Well from what ive seen of her and held of her shes pretty tame but unfortunately she went down for hibernation again a few days ago.


----------



## reptastic (Feb 14, 2010)

TanMan57 said:


> nemo66 said:
> 
> 
> > lol my black nose is a sibling to zero. i need to ask bobby who the parents of my red are though i forgot to ask him. hopefully we will have matching siblings lol. how is the handling going with the red? mine is a little sketcher than my black nose who is amazingly tame for a baby. i wish mine would have avoided hibernation like yours it just snowed here yesterday so i think they know what the weathers like even though their cage is totally warm, they still hibernate. they have come out for about 2 hours today though and taken some ground turkey and eggs. she is a beautiful baby by the way
> ...



dont you just hate when that happens, achilles did the same thing only to wake up a few weeks later. now he is up eating almost everyday!


----------



## TanMan57 (Feb 14, 2010)

reptastic said:


> dont you just hate when that happens, achilles did the same thing only to wake up a few weeks later. now he is up eating almost everyday!
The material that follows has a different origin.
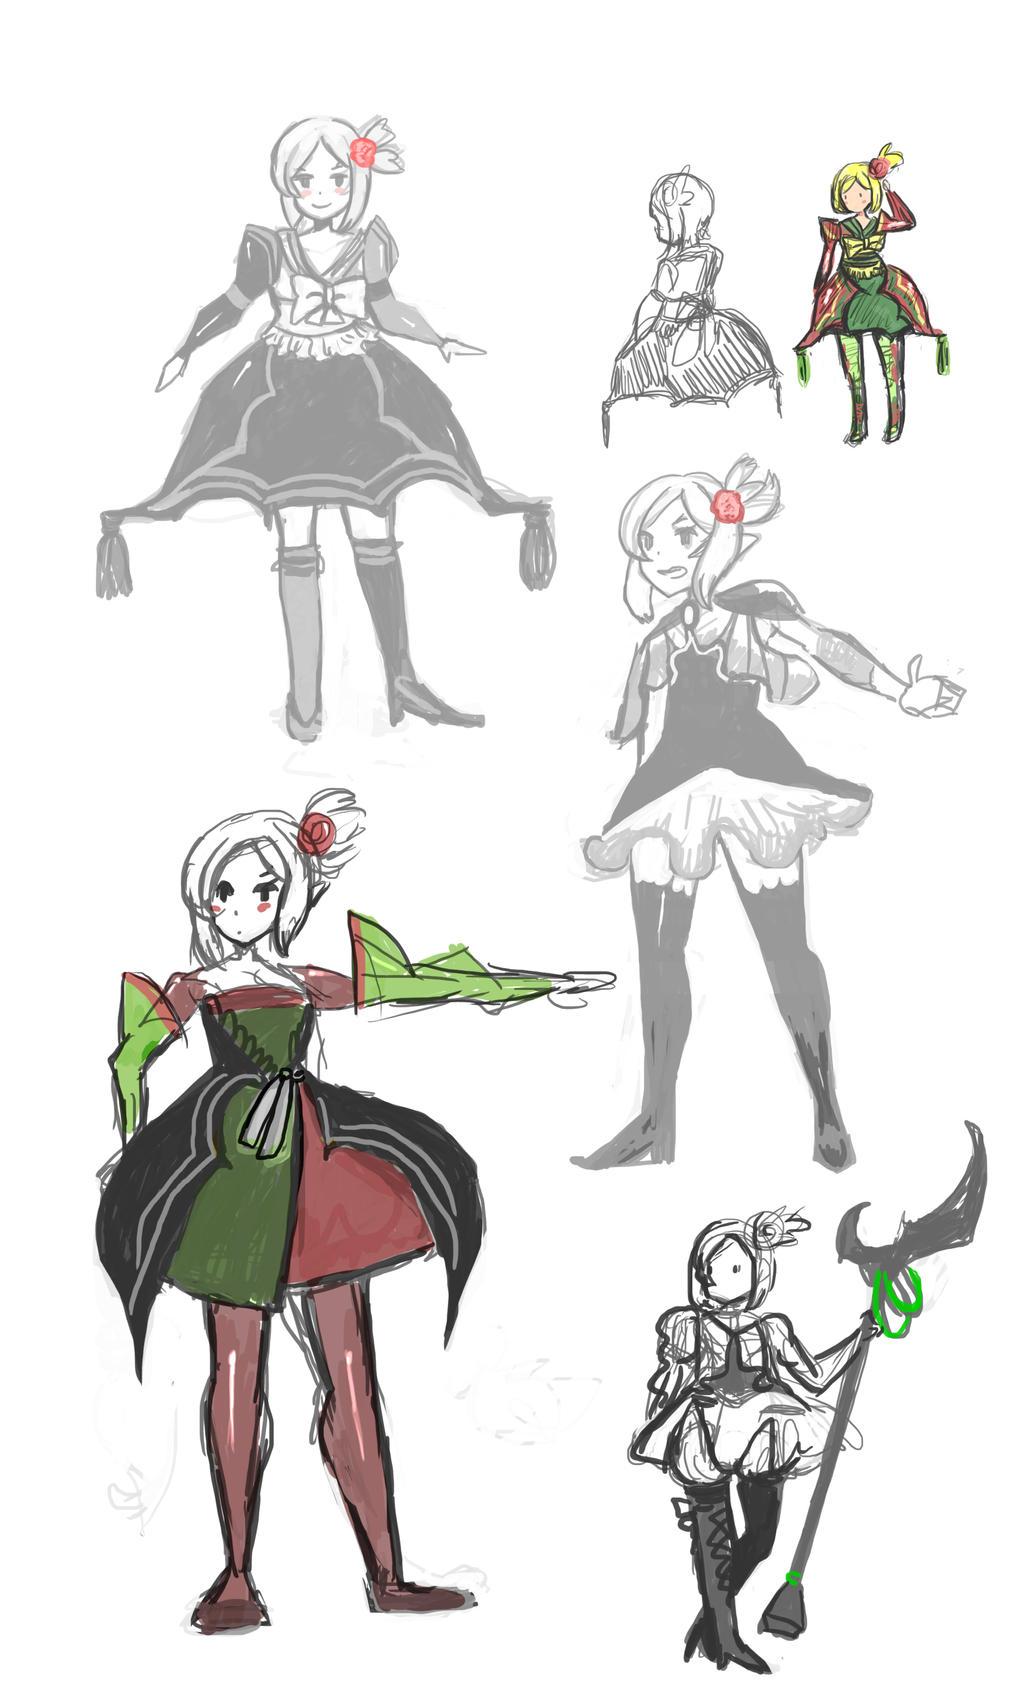 Artwork: Design clothes for Elwe Macaulaure by hiromihana
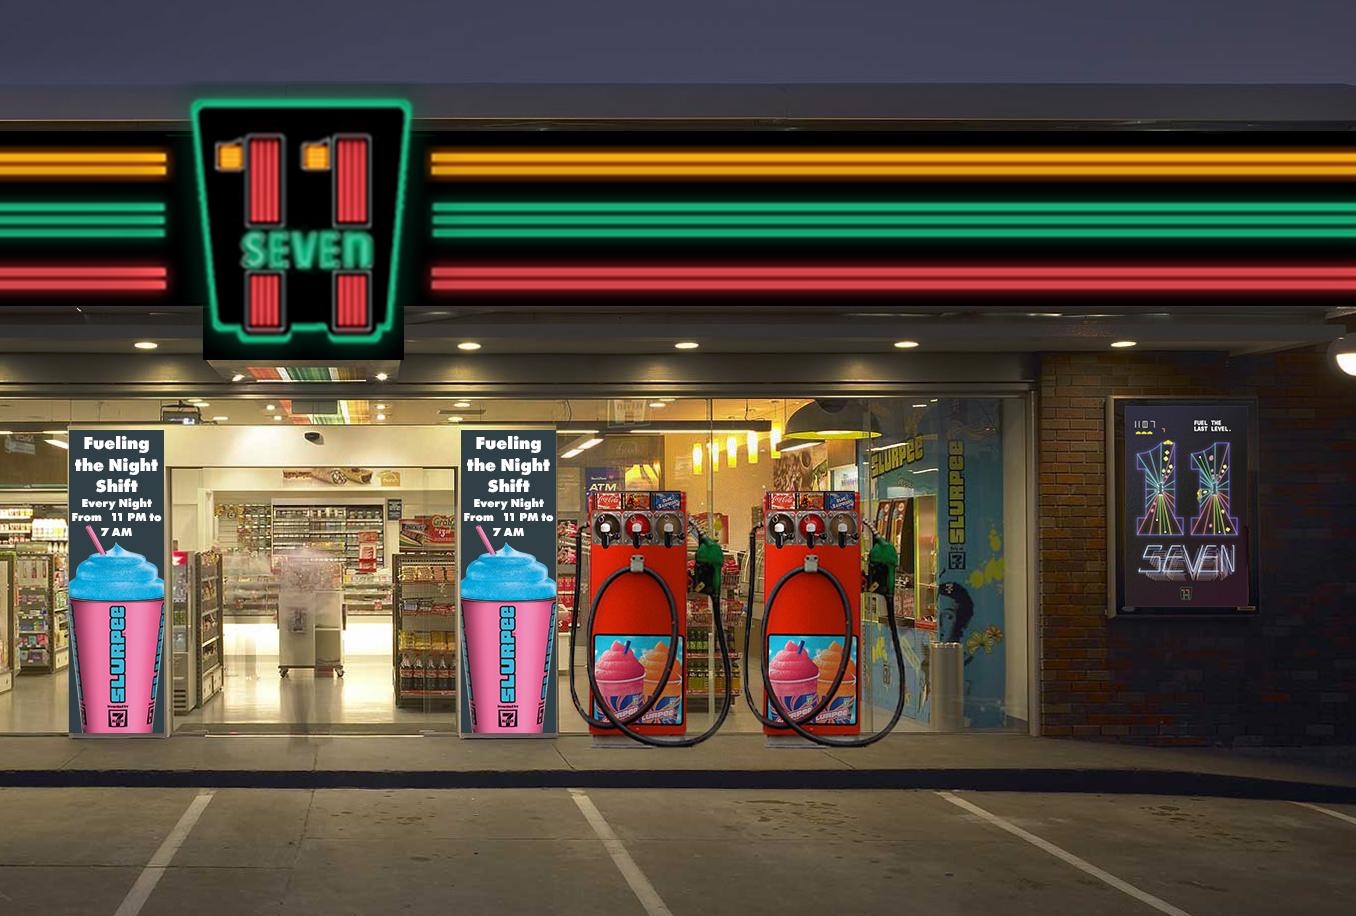 11-seven gas pumps.jpg

Yea I really do! but I didnt want her sleeping so I put scrambled eggs in and she woke up and ate them all and was up all night after that and just a couple of minutes ago went back to bed.


----------



## reptastic (Feb 14, 2010)

thats what nero does she wont eat til late in the evening and is up all night and sleeps all day(even though there is no lights on) someone needs to tell them that they are dinural and not nocturnal lol


----------